## Problem statement
Return the data exactly, without pictures.

## Data
════════════════════
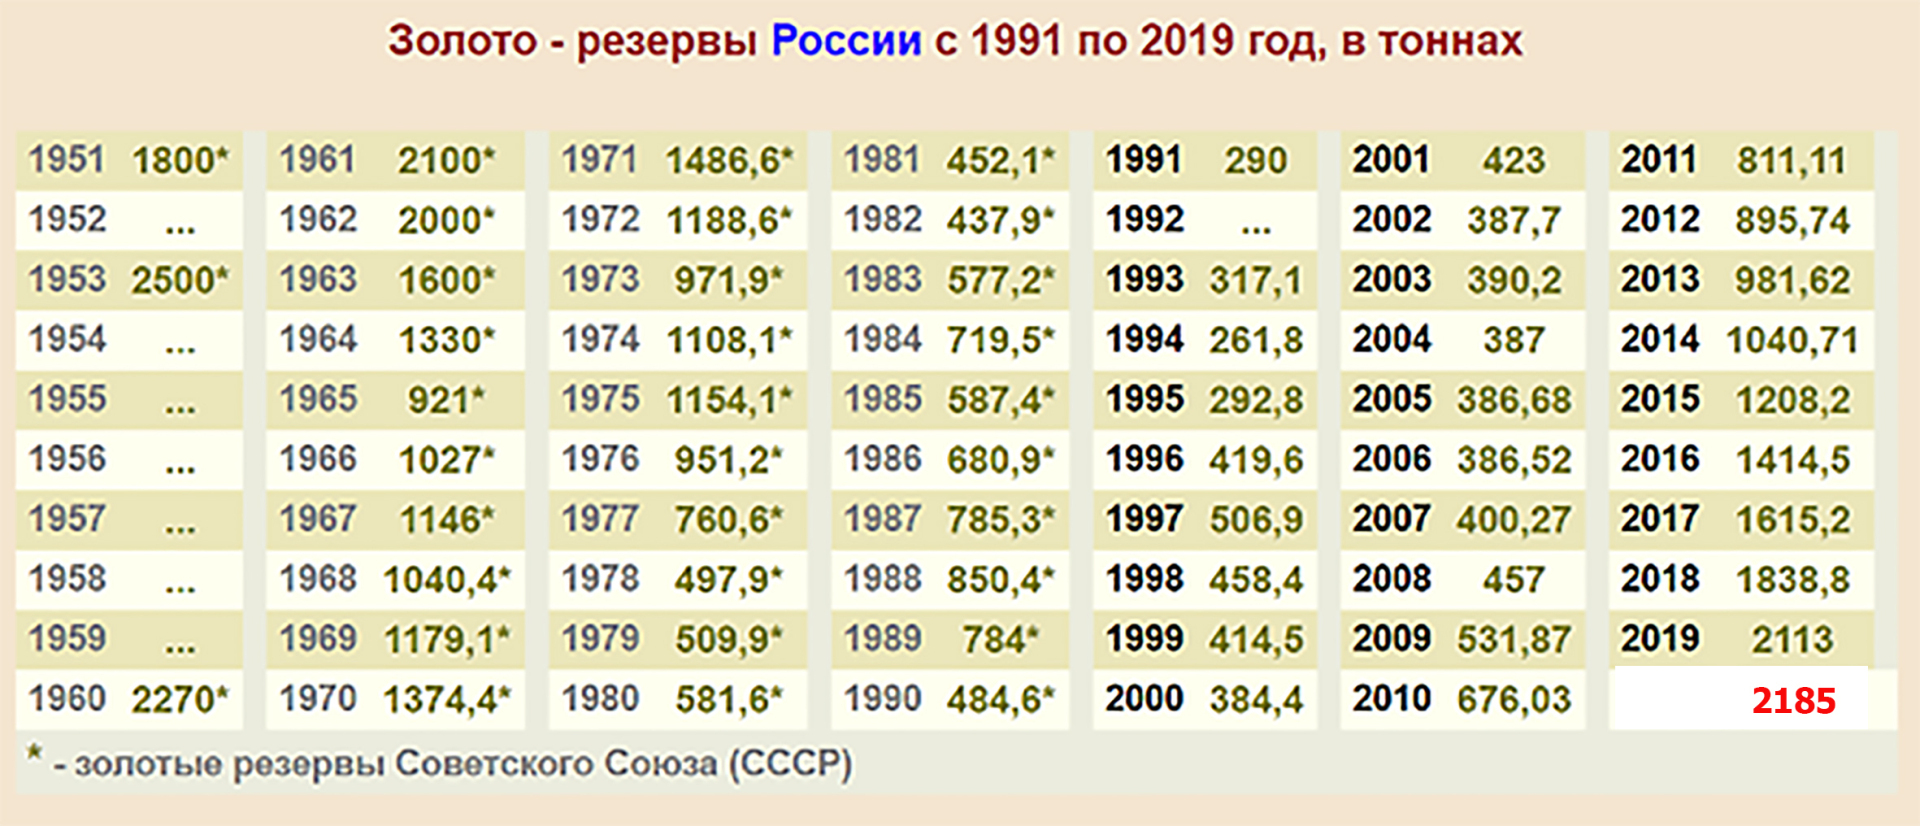 Золотой запас России по годам таблица
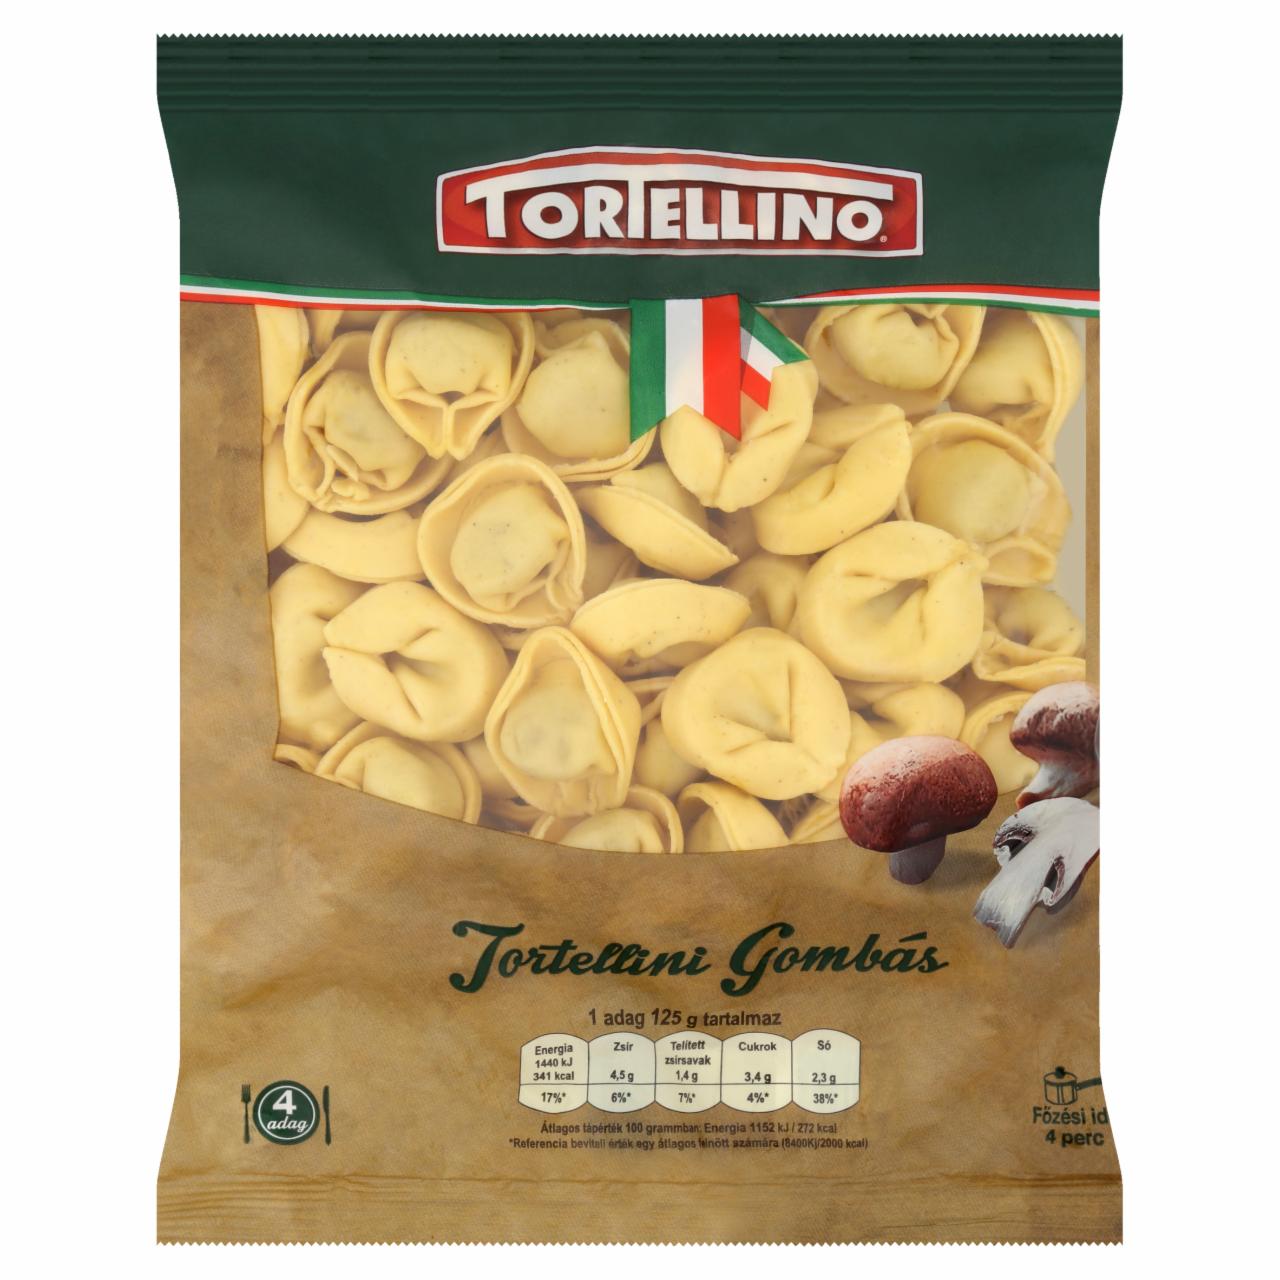 Képek - Tortellino Tortellini gombás friss tészta 500 g
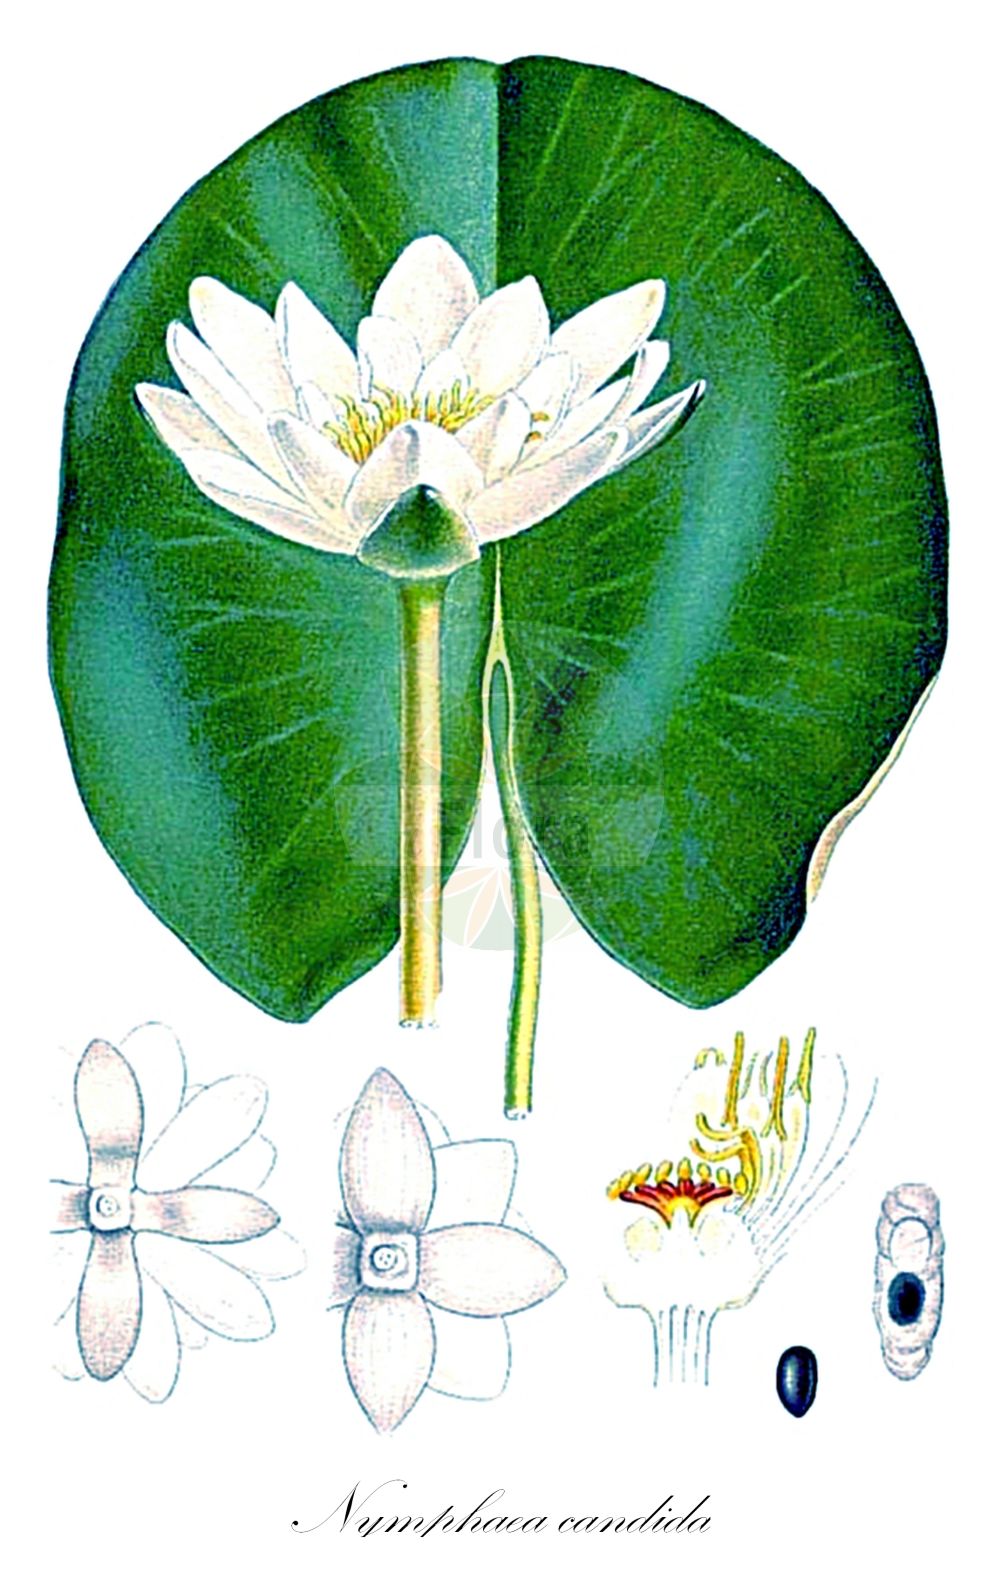 Historische Abbildung von Nymphaea candida (Glänzende Seerose - Candid Water-lily). Das Bild zeigt Blatt, Bluete, Frucht und Same. ---- Historical Drawing of Nymphaea candida (Glänzende Seerose - Candid Water-lily). The image is showing leaf, flower, fruit and seed.(Nymphaea candida,Glänzende Seerose,Candid Water-lily,Castalia candida,Nymphaea candida,Nymphaea colchica,Glaenzende Seerose,Kleine Seerose,Candid Water-lily,Shining Water Lily,Nymphaea,Seerose,Water-lily,Nymphaeaceae,Seerosengewächse,Water-lily family,Blatt,Bluete,Frucht,Same,leaf,flower,fruit,seed,Lindman (1901-1905))
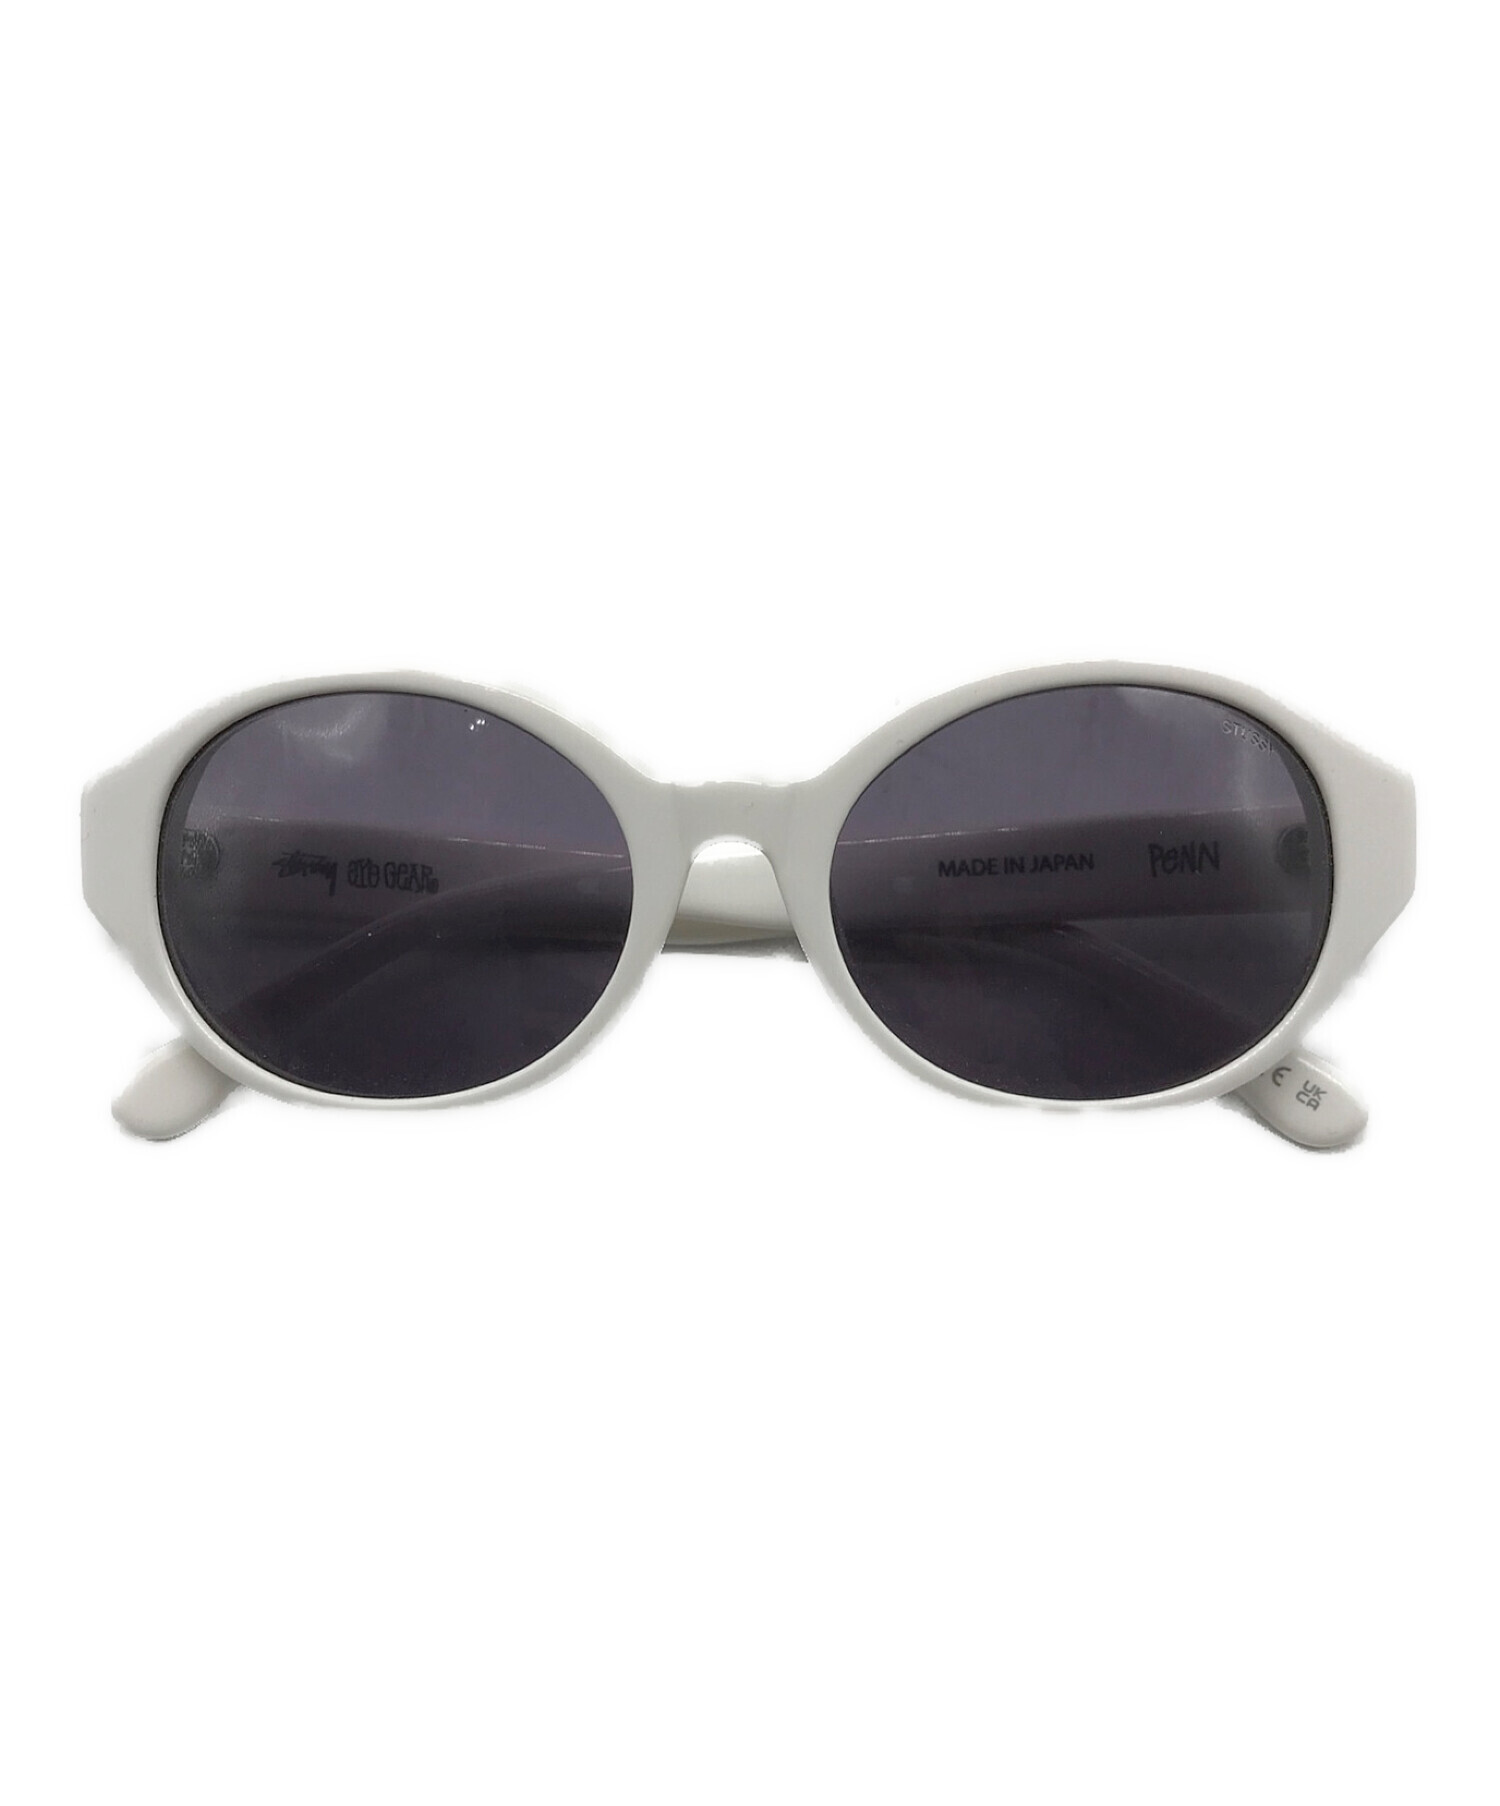 安心stussy penn sunglasses(最終値引き) 小物
════════════════════
## Exercise solution
 Золотой запас России по годам таблица
 Képek - Tortellino Tortellini gombás friss tészta 500 g
 Historische Abbildung von Nymphaea candida (Glänzende Seerose - Candid Water-lily). Das Bild zeigt Blatt, Bluete, Frucht und Same. ---- Historical Drawing of Nymphaea candida (Glänzende Seerose - Candid Water-lily). The image is showing leaf, flower, fruit and seed.(Nymphaea candida,Glänzende Seerose,Candid Water-lily,Castalia candida,Nymphaea candida,Nymphaea colchica,Glaenzende Seerose,Kleine Seerose,Candid Water-lily,Shining Water Lily,Nymphaea,Seerose,Water-lily,Nymphaeaceae,Seerosengewächse,Water-lily family,Blatt,Bluete,Frucht,Same,leaf,flower,fruit,seed,Lindman (1901-1905))
 安心stussy penn sunglasses(最終値引き) 小物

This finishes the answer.